What makes a test flaky
A test is flaky when it produces inconsistent results against unchanged code. The test is nondeterministic. That is the line separating flakiness from a real bug: a test that fails consistently against a defect is doing its job, while a test that fails one run in fifty for reasons unrelated to the change being evaluated is noise.
In De-Flake Your Tests: Automatically Locating Root Causes of Flaky Tests in Code At Google, the research team reported that around 84% of pass-to-fail transitions in post-submit testing at Google involve a flaky test. The Crosscheck team has seen the same pattern at smaller scale — once a CI suite crosses a threshold of perceived unreliability, developers stop investigating failures and start re-running pipelines on reflex. That reflex is where real regressions slip through.

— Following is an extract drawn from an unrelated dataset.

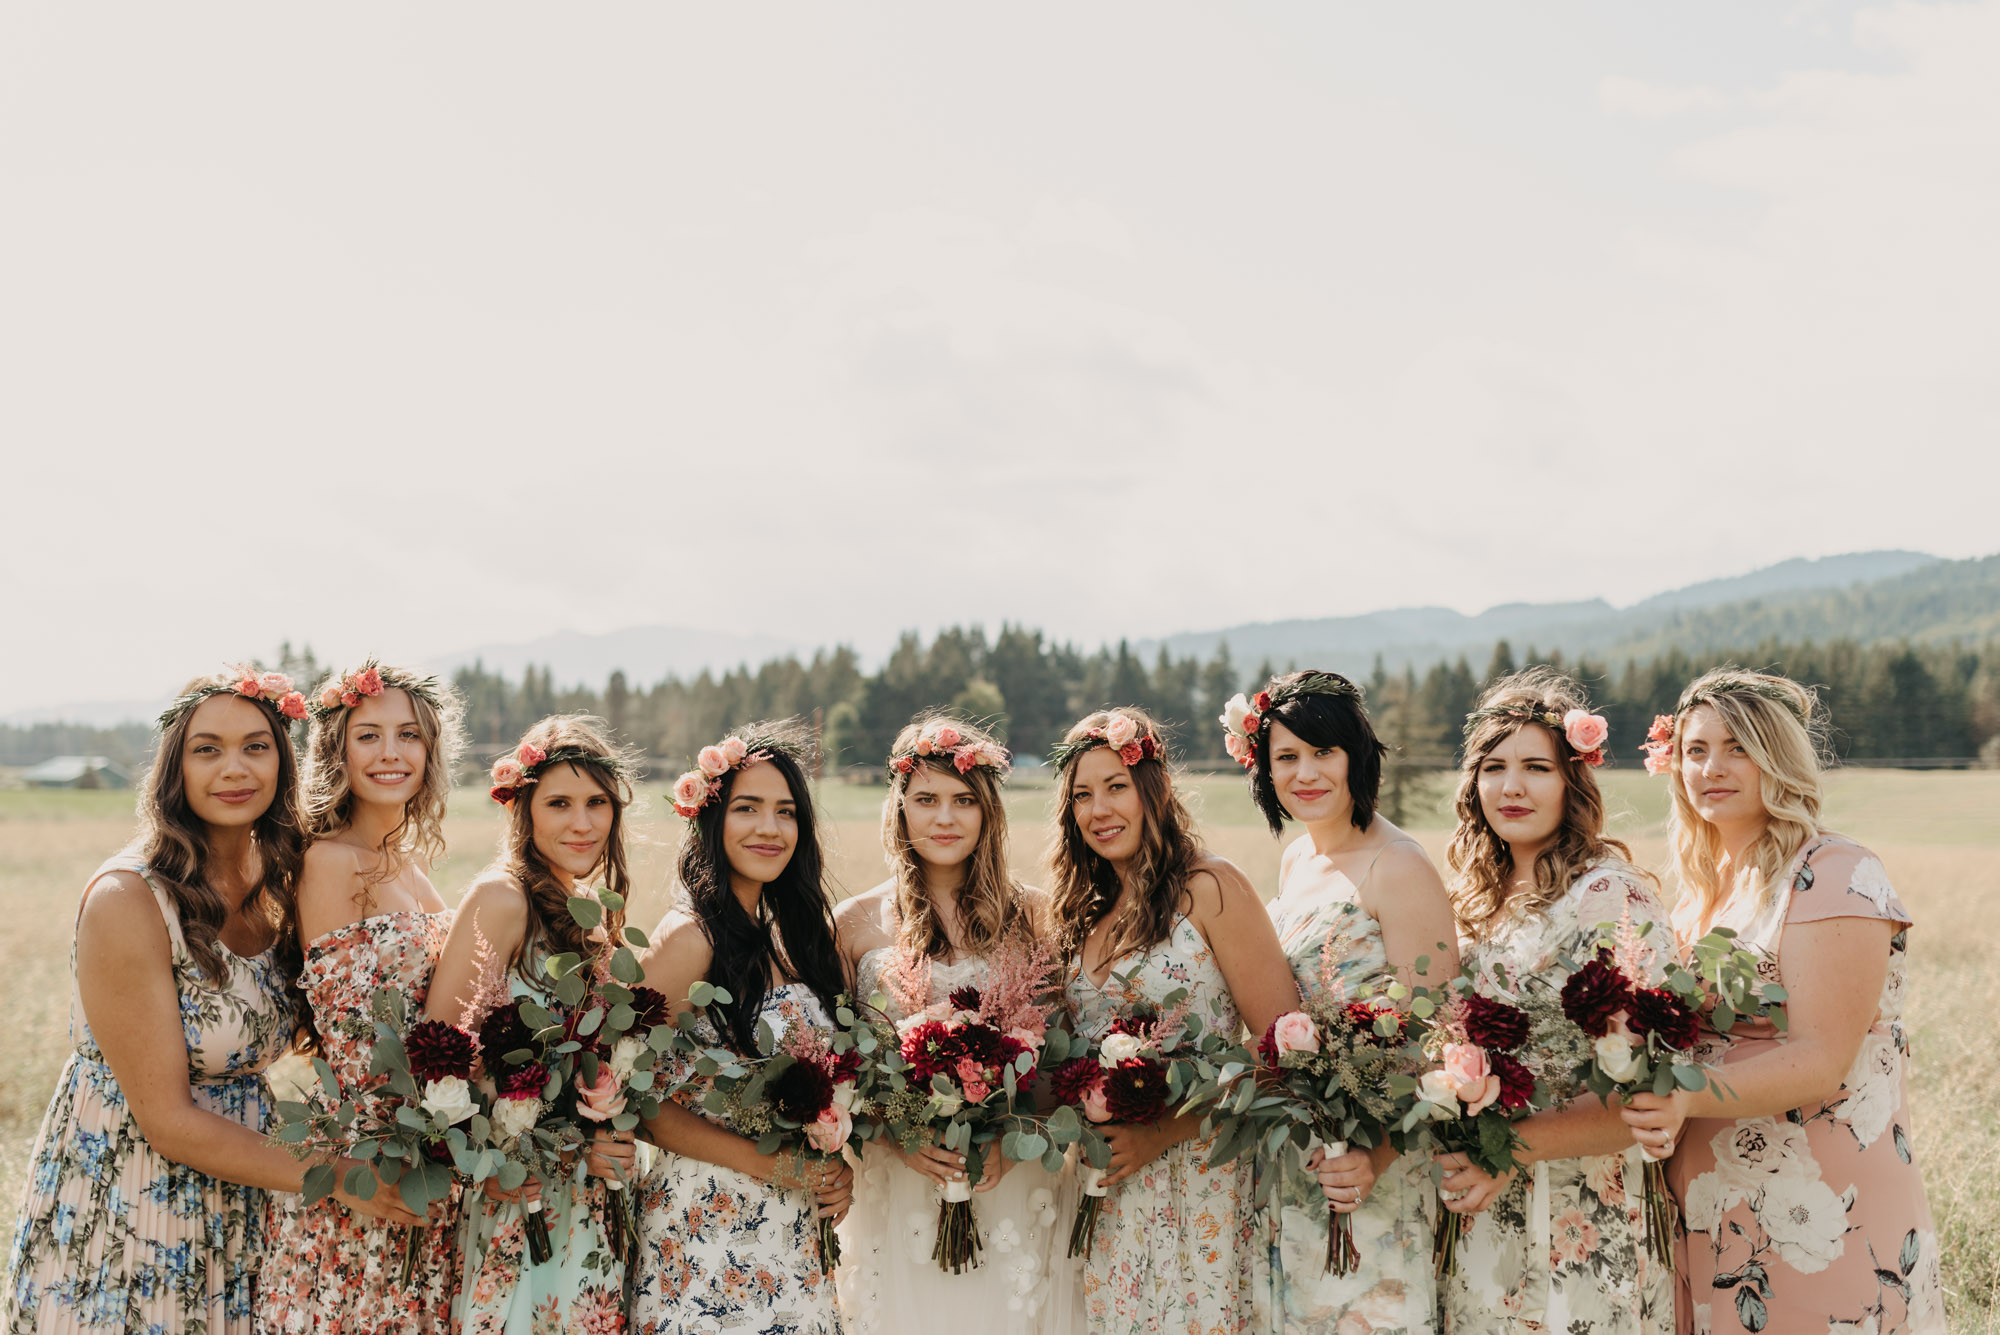 Bridal-Party-Free-People-Flower-Dresses-Washington-Wedding-8493.jpg

The most dangerous flaky tests are not the ones that fail every third run. Those are visible and get fixed. The dangerous ones fail once every fifty runs, or only under CI load — failures that get coded as "infrastructure noise" and then mask a real regression six months later.
The seven root causes of flaky tests
Most flakiness in real codebases traces back to one of seven causes. Each one has a distinct detection signature and a deterministic fix.

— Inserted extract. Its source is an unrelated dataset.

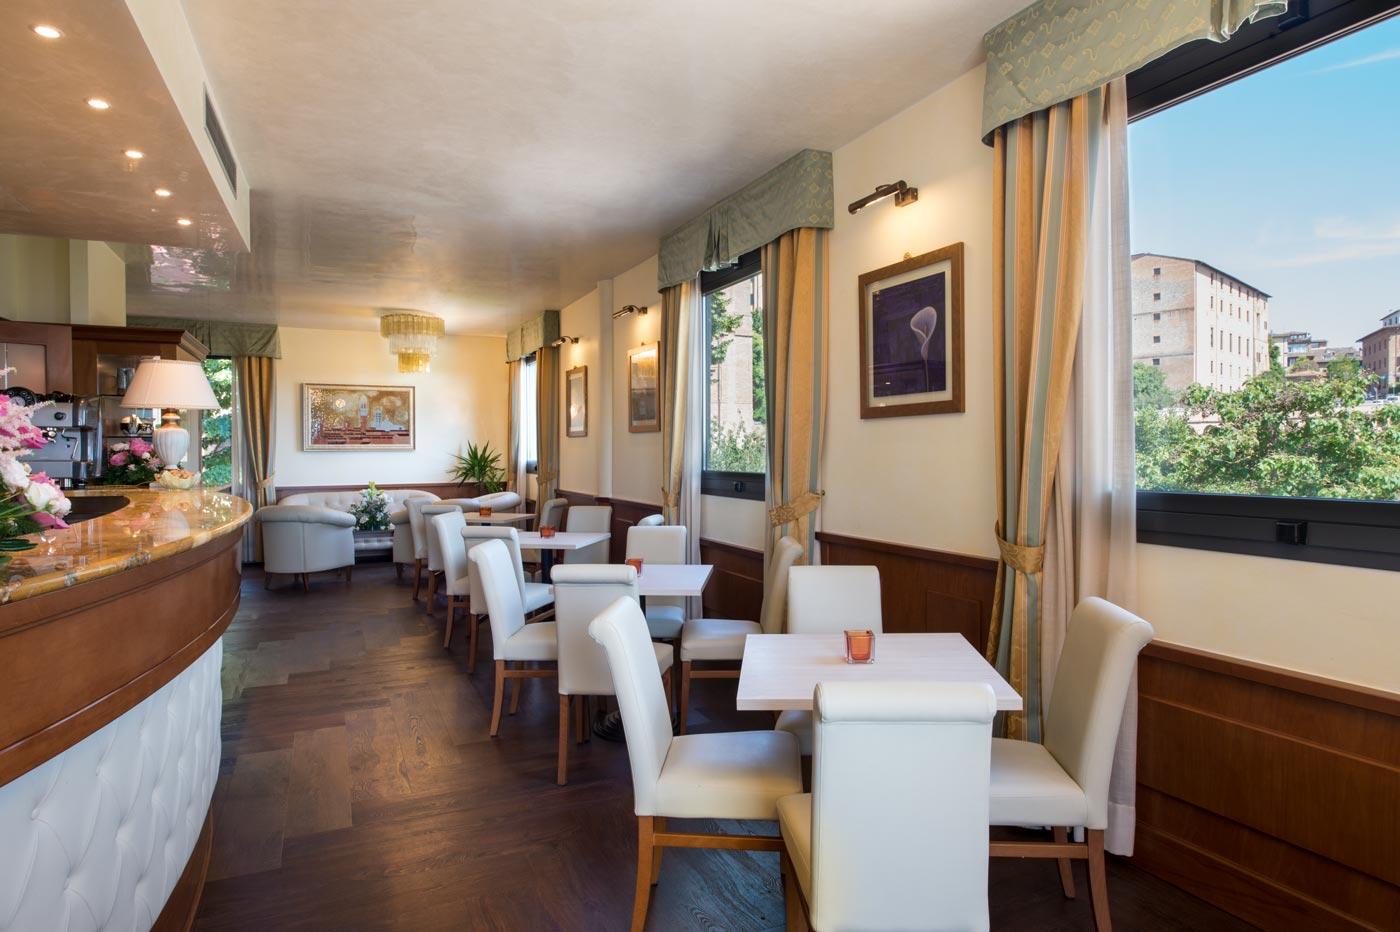 Photo gallery four star hotel in siena hotel athena siena for Accomodation siena

1. Async timing — the most common cause
Timing issues are the dominant source of flakiness in UI and integration tests. An action triggers async work — a fetch, a state update, an animation — and the test asserts on the resulting state before that work has settled. On a fast local machine the assertion lands after the work completes. On a loaded CI runner it lands before, and the test fails.

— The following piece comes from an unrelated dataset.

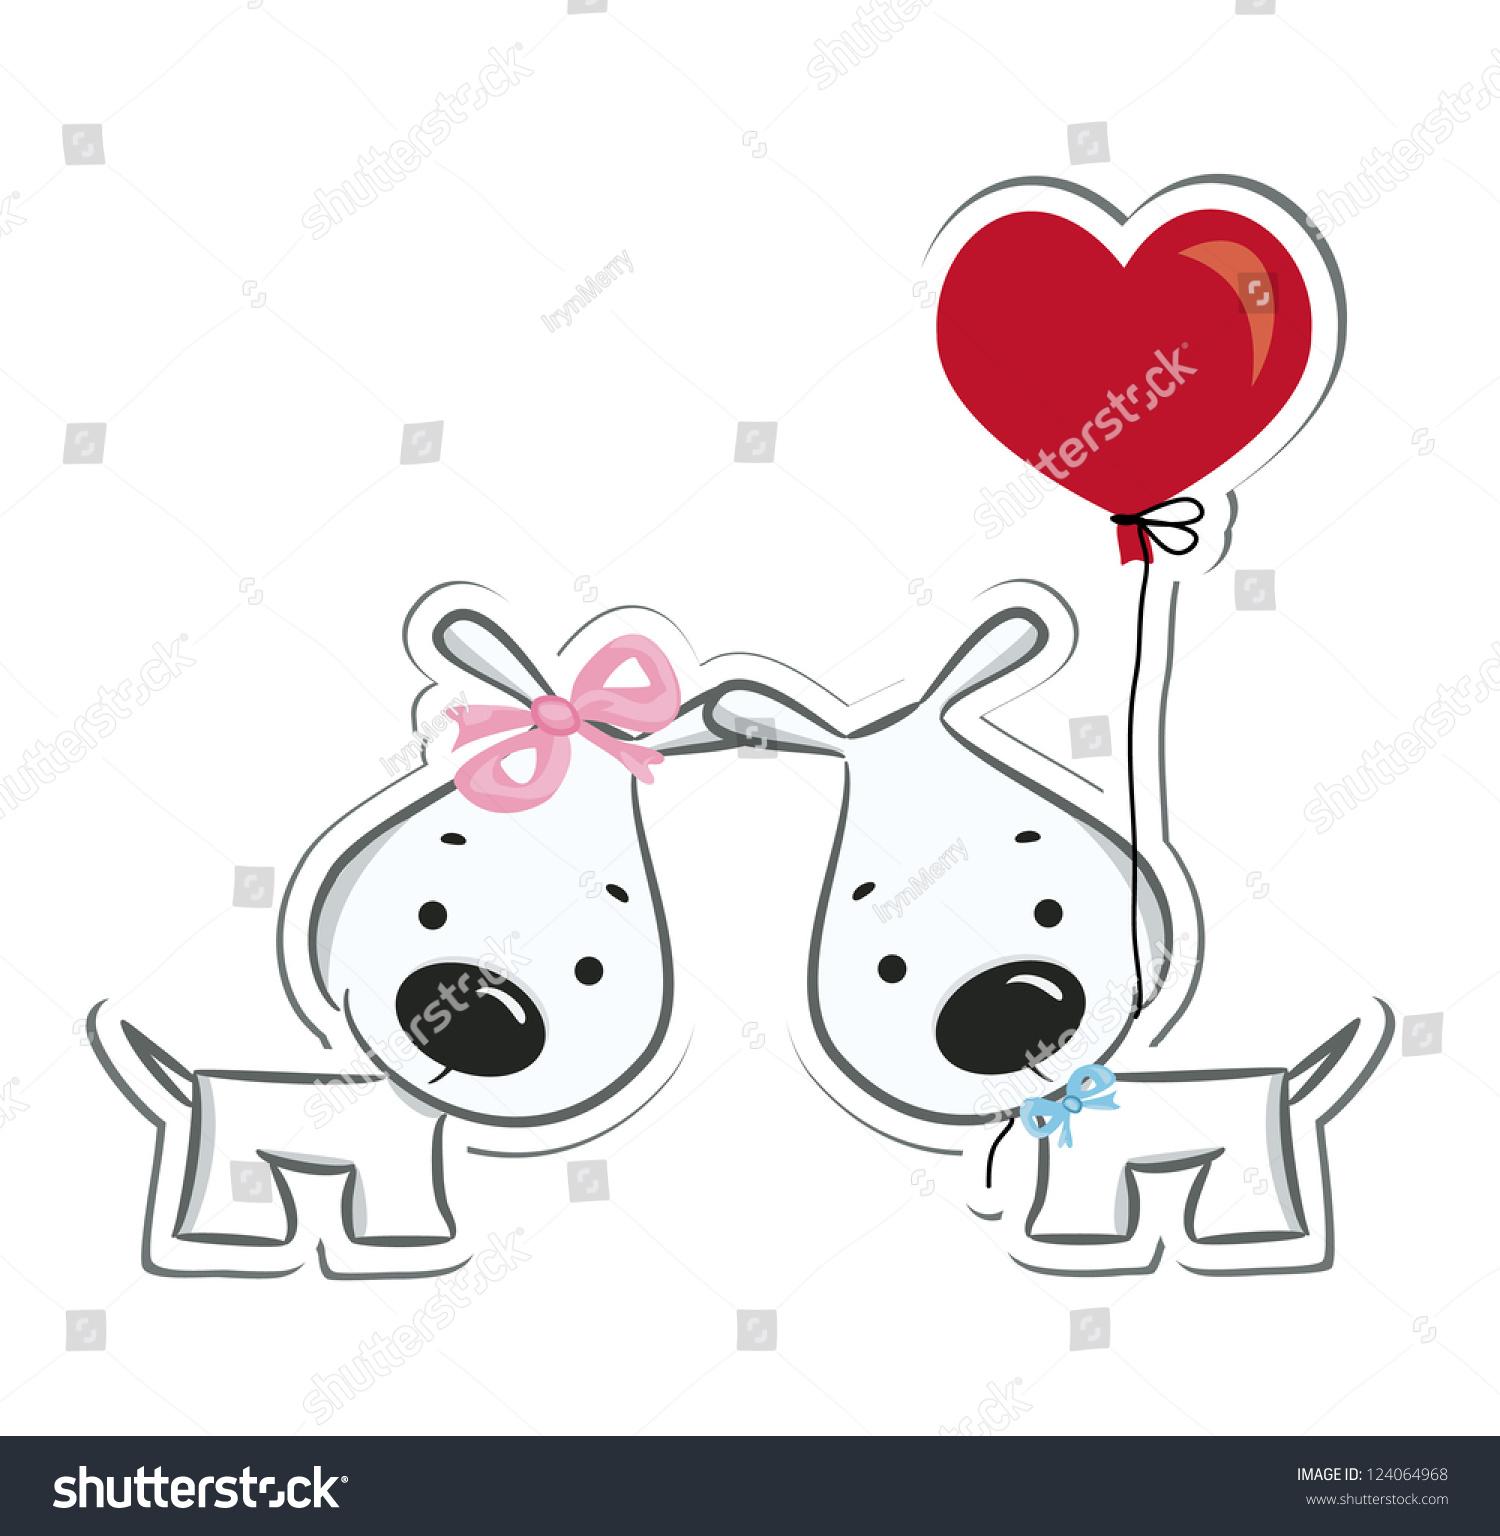 Funny Dogs Couple Love Sticker Vector Stock Vector 124064968 ... for Couple Sticker Line  193tgx

Wrong fix: fixed-duration waits.
// flaky — any fixed duration can be exceeded under load
await page.click('#submit');
await page.waitForTimeout(2000);
await expect(page.locator('.success')).toBeVisible();
Right fix: wait for the specific condition being tested.
// deterministic — wait for the state that matters
await page.click('#submit');
await expect(page.locator('.success')).toBeVisible({ timeout: 10_000 });
Playwright's locator.waitFor(), expect(locator).toBeVisible(), Cypress's chained cy.get().should(), and Testing Library's waitFor() are all built around this idea — poll until the condition is true, then proceed. How to detect: run the suspect test with --repeat-each 50 --workers 1 in Playwright. If you can flip the flake rate by varying CPU contention, the cause is timing.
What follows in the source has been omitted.